Better chair (Aeron). Sounds odd, I guess, but being the right height and
having good posture makes a difference. I also dropped the arms way down, so I
simply cannot lean on them no matter how lazy I'm feeling (among many other
pains, my left elbow had a permanent twinge of pain, which still pops up now
and then, but was always-on back then).

Tiling window manager. This assumes UNIX/Linux, but it made a difference when
I almost completely killed the mouse from my life. If typing is more painful
than mousing for you, this might not be the right choice.

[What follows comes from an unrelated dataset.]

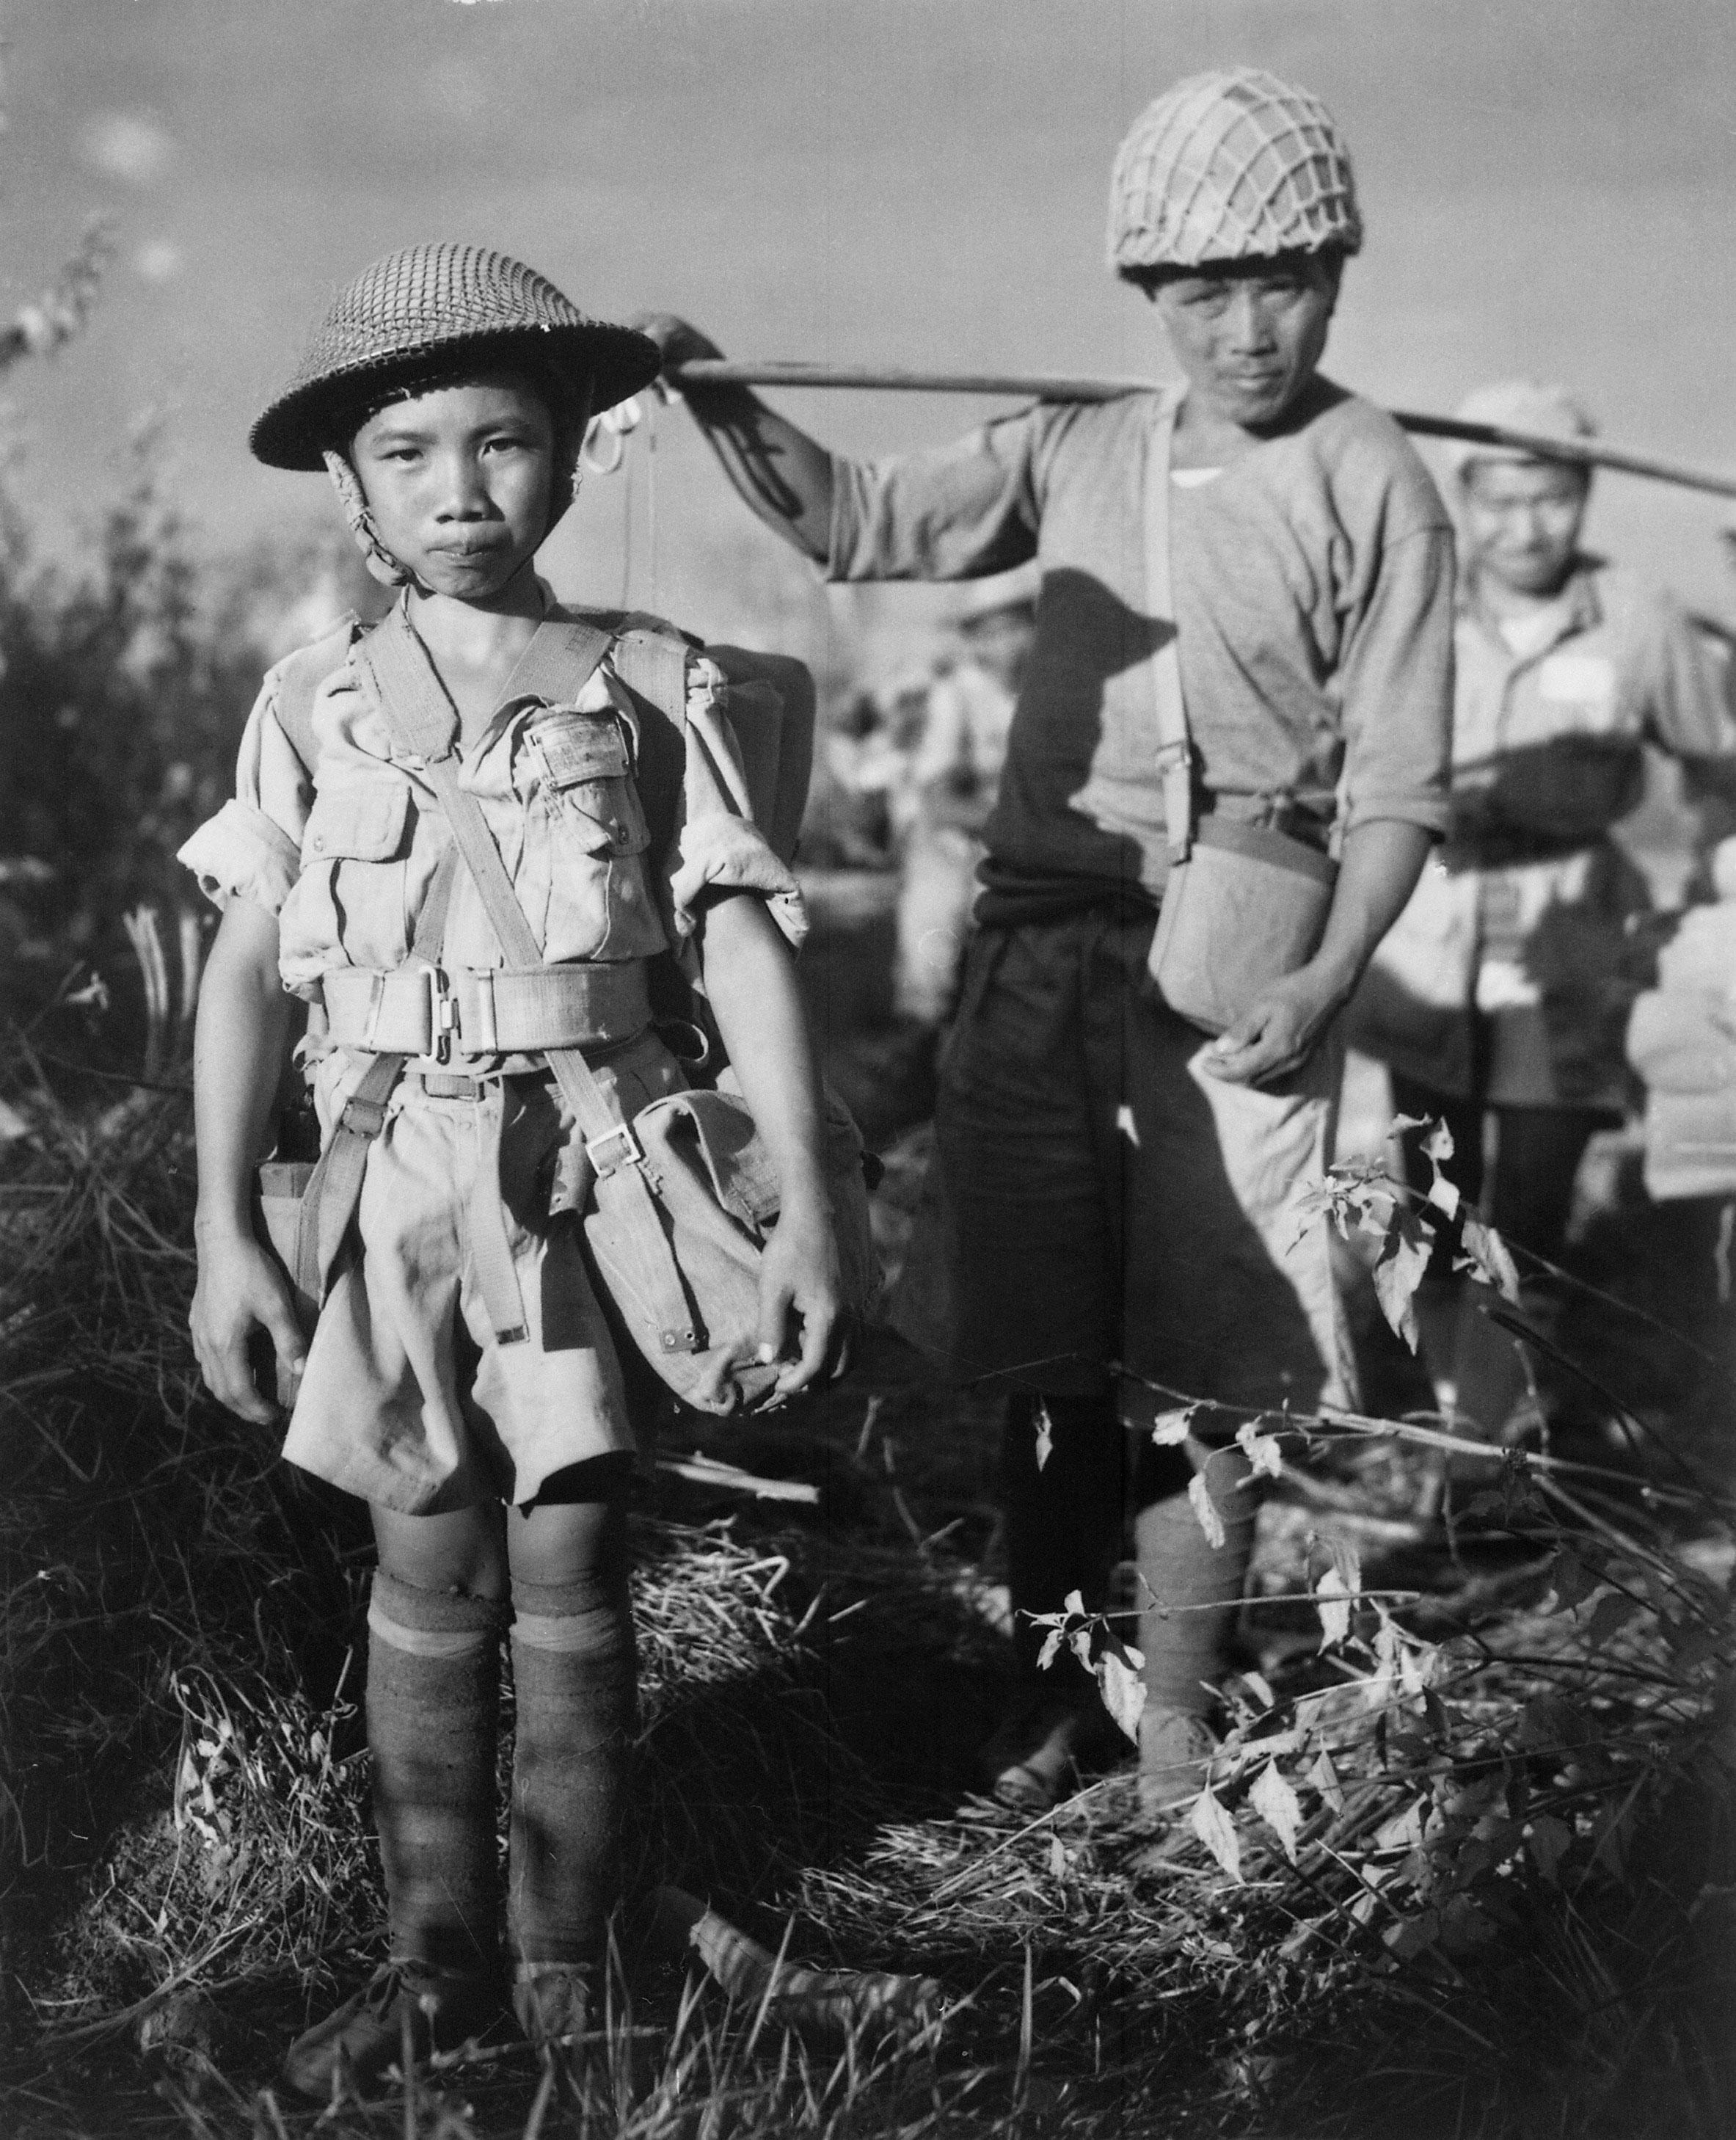 Photo no children in the war
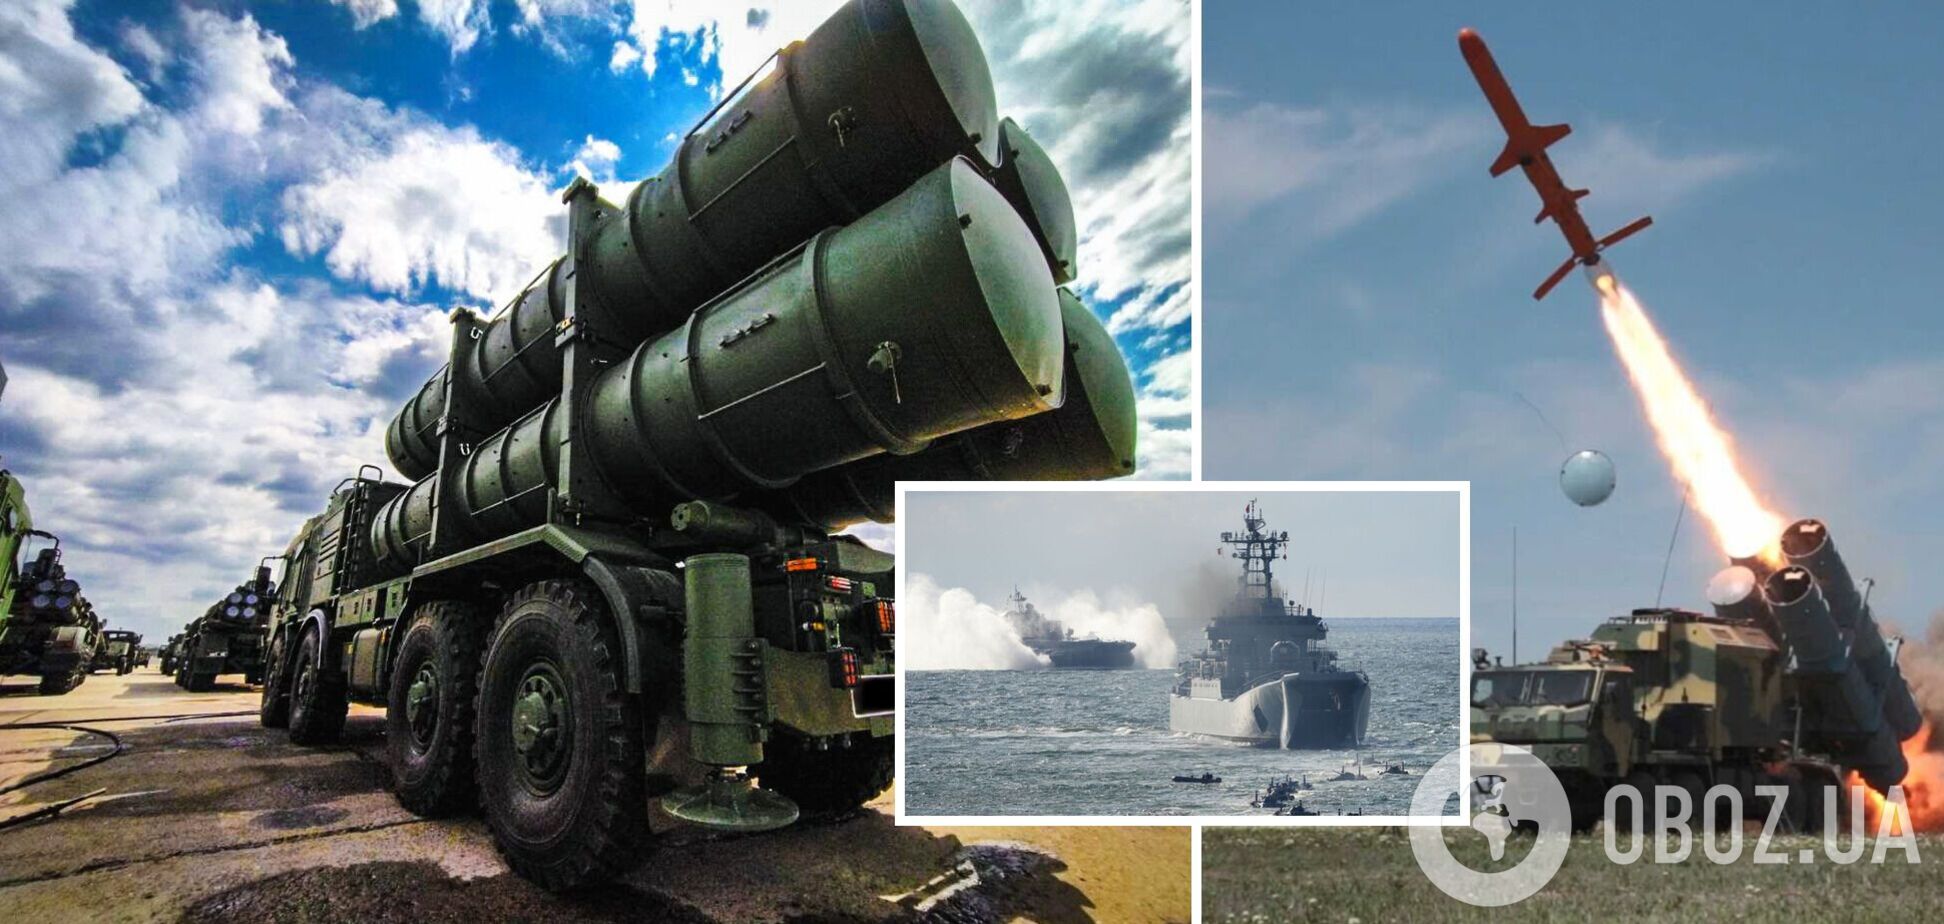 'Нептуны' впервые использовали не в апреле: СМИ рассказали, как украинские ракеты заставили корабли РФ убегать в начале войны

It helped for me,
though...I immediately was able to work full days again due to this change,
though I don't know if it was therapeutic...it may have just avoided the most
serious pains.

Other things that may or may not have helped, but I did them while recovery
was clearly happening:

Changing positions frequently. Keyboard slanted/flat. Raising and lowering the
chair. Occasionally sitting in a different chair or on a ball or standing.
Getting up and walking about a lot.

Exercises that encouraged blood flow to the affected areas. Cardiovascular
exercise in general, but tennis and such were my focus. You've already tried
swimming...so that's probably in the same league for circulation. I wouldn't
quit doing those things, even though they haven't resolved your problem...I
doubt they're hurting.

I cut back dramatically on playing guitar and piano, since they incurred very
similar sorts of repetitive stress. This one was not pleasant, but now I can
play again without any problems.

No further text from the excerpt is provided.